One study Linker cited, done in healthy volunteers and published in 2017, showed increases in certain helper T-cells (called Th 17) after two weeks of eating salt-rich foods (6 grams of salt/day). Th-17 cells are a CD4+ subset with a role in producing a highly inflammatory cytokine known as interleukin-17.

But still other studies — including a clinical trial called BENEFIT (NCT00185211) in people with clinically isolated syndrome — failed to support any link between the two, a point Linker thought related to uncertainties in how best to measure salt levels in a person.

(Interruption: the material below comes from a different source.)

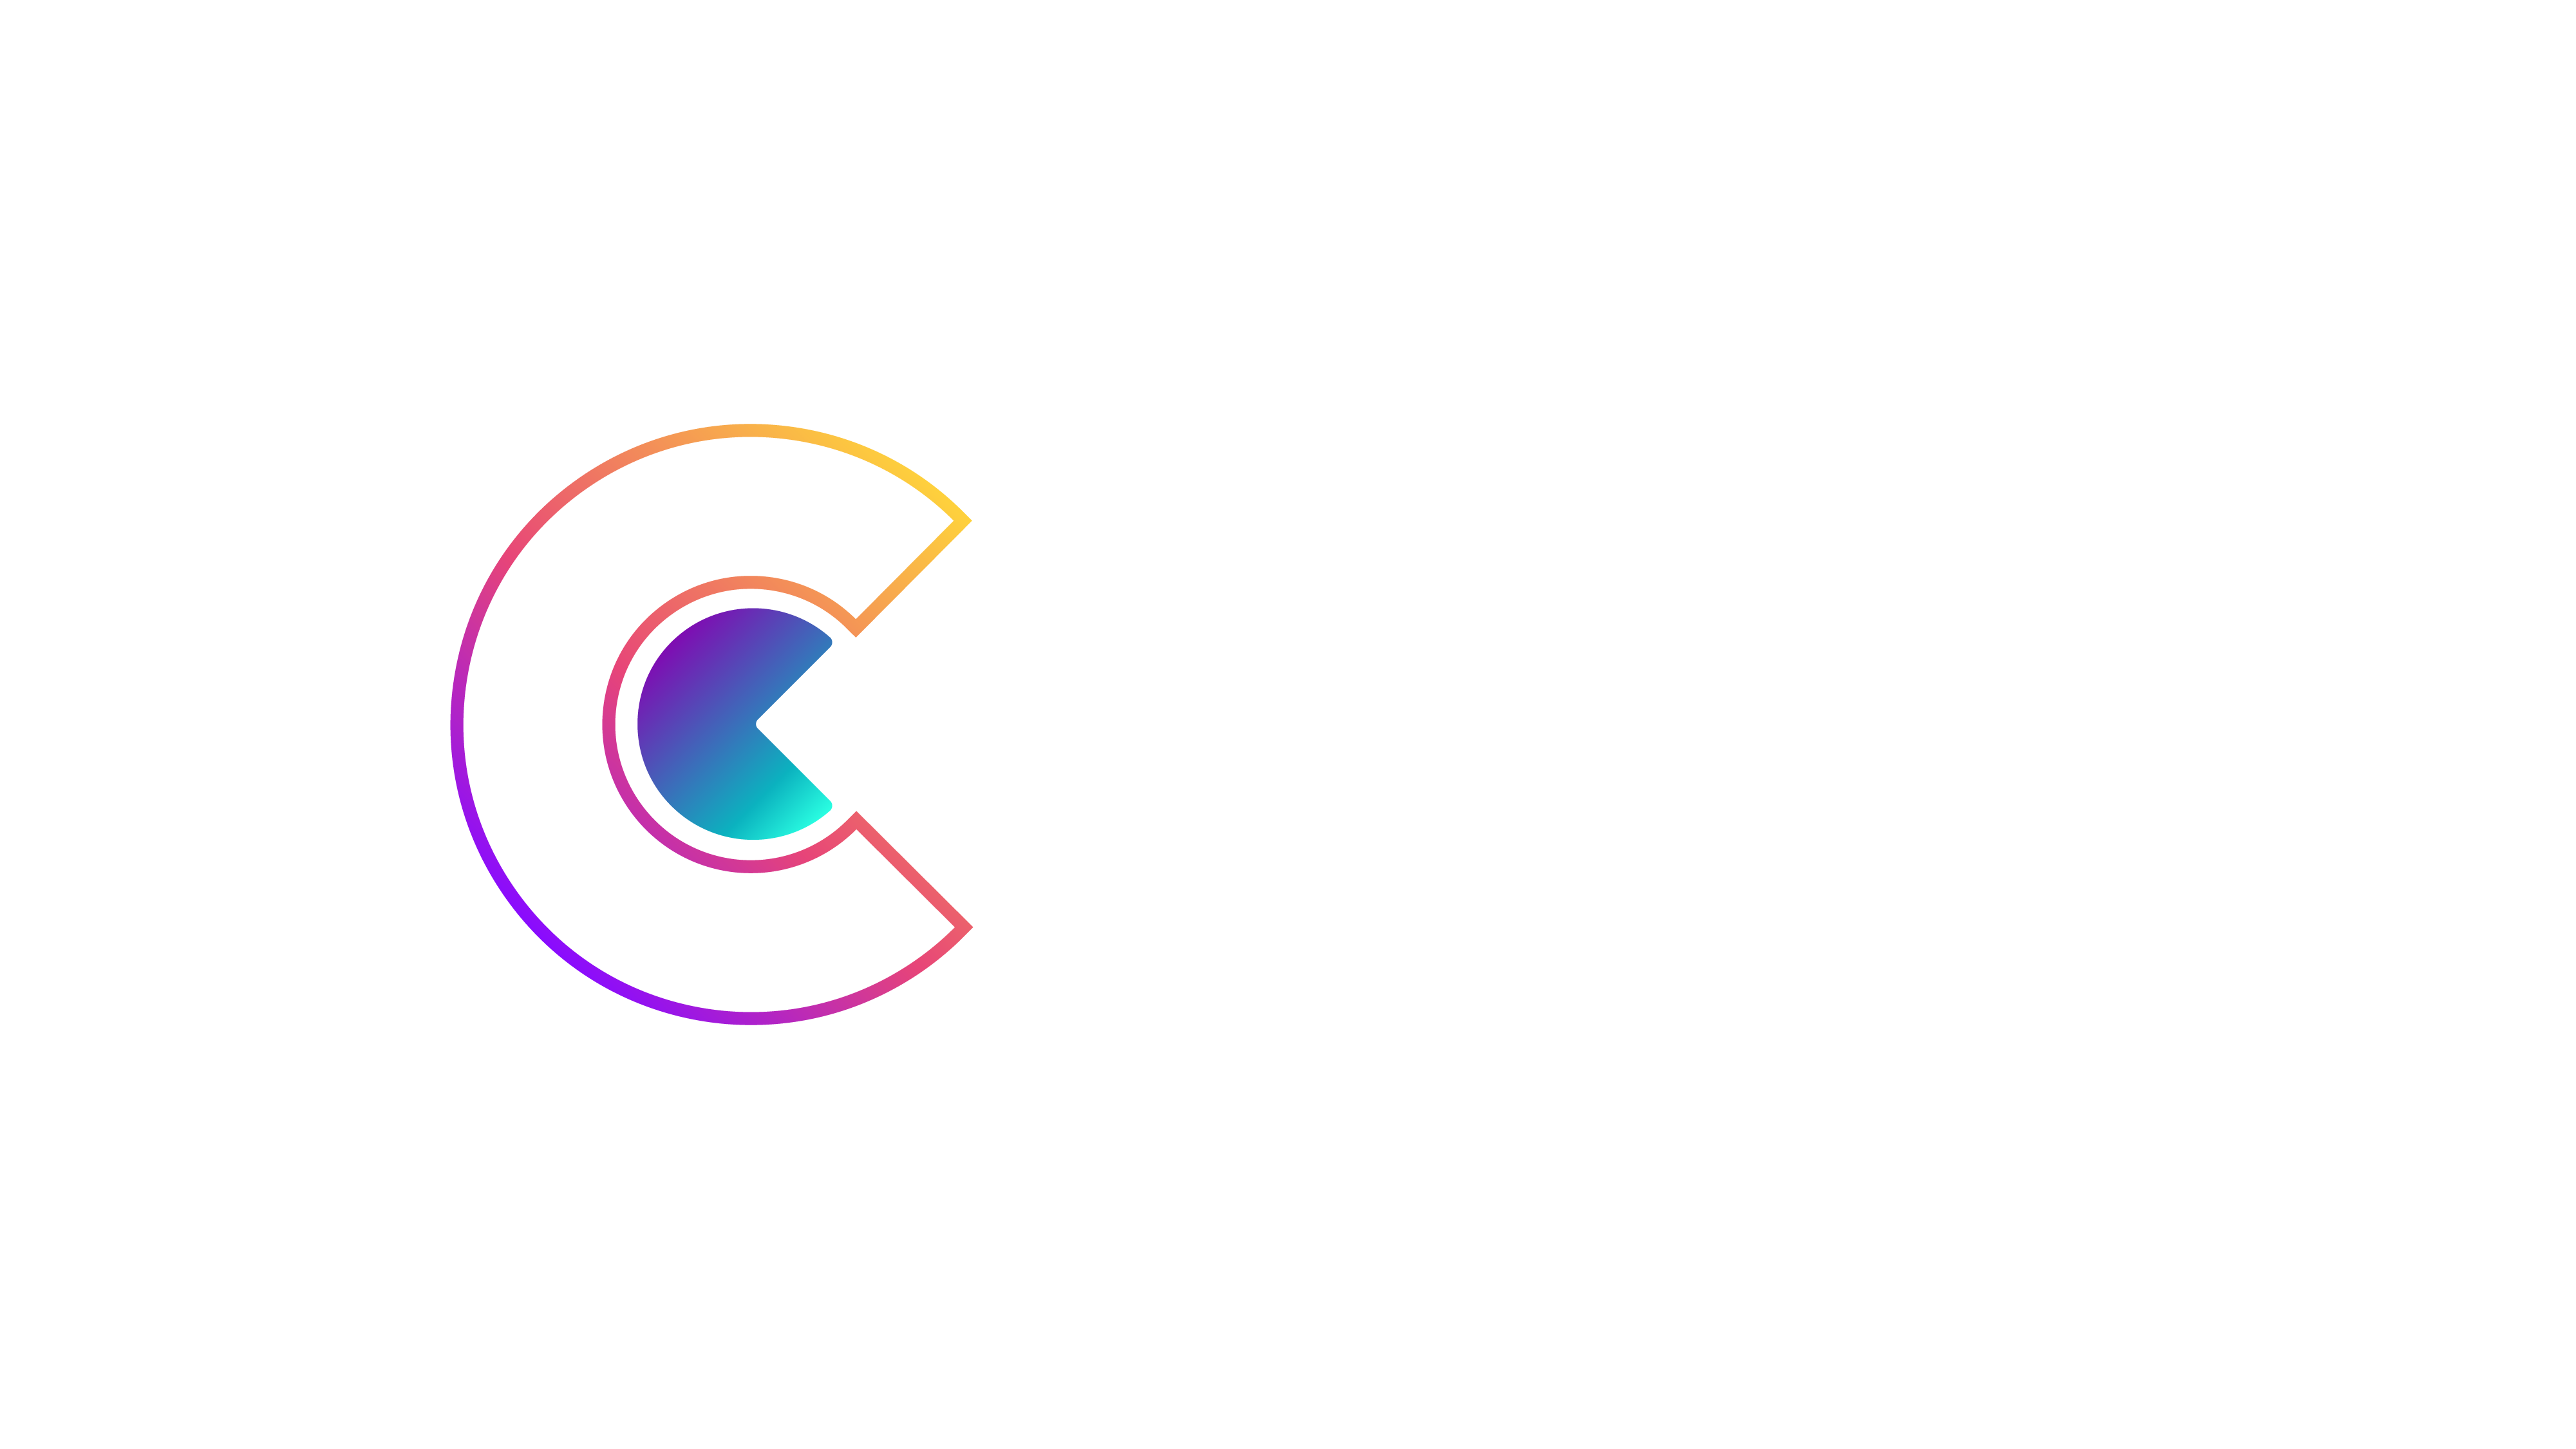 click and count

“How do you measure salt?” he asked, noting that it’s impossible to follow it in food, because the amount found in a serving of mac ‘n’ cheese (3.6 grams) or a piece of frozen pizza (5 g) is grossly different from that found in a few slices of bread (1.2 g, three slices). BENEFIT, which ran from 2002 to 2008, looked at salt levels in urine, and Linker speculated that salt load filtered through the kidneys might not be sensitive enough.

Newer work, he said, suggests the skin might be the most sensitive measure of sodium loads. He mentioned studies, based on sodium MRI imaging, finding higher levels evident in the skin of relapsing-remitting MS patients, and in skin tissues from EAE mice models.

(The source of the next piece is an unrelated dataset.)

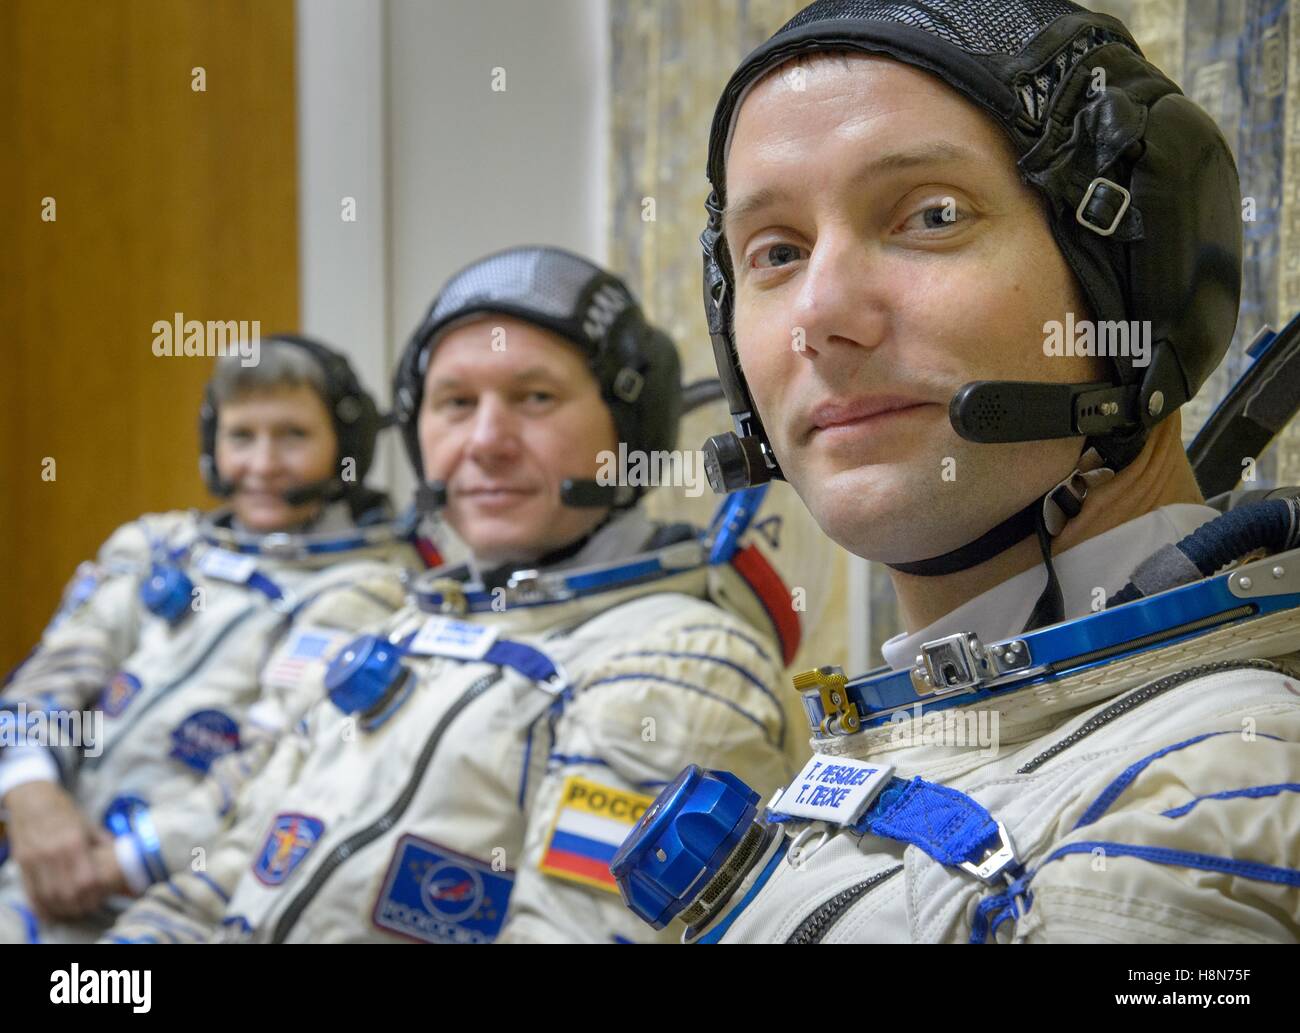 NASA International Space Station Expedition 50 Soyuz MS-03 prime crew astronauts (L-R), American astronaut Peggy Whitson, Russian cosmonaut Oleg Novitskiy of Roscosmos, and Thomas Pesquet of the European Space Agency prepare for their qualification exams October 25, 2016 in Star City, Russia. Stock Photo

Newer work also showed that sodium affects the gut’s microbiome — itself a growing focus in systemic inflammation that might lead to MS —  particularly in the changes that high sodium levels bring to a “friendly” bacteria of the intestinal tract called Lactobacillus.

Titled “Salt-responsive gut commensal modulates Th17 axis and disease,” the study was published in the journal Nature in 2017.

Findings of a “rapid depletion of Lactobacillus is interesting,” Linker said, concluding that “salt [consumption] is a factor worth further study” in MS and other diseases.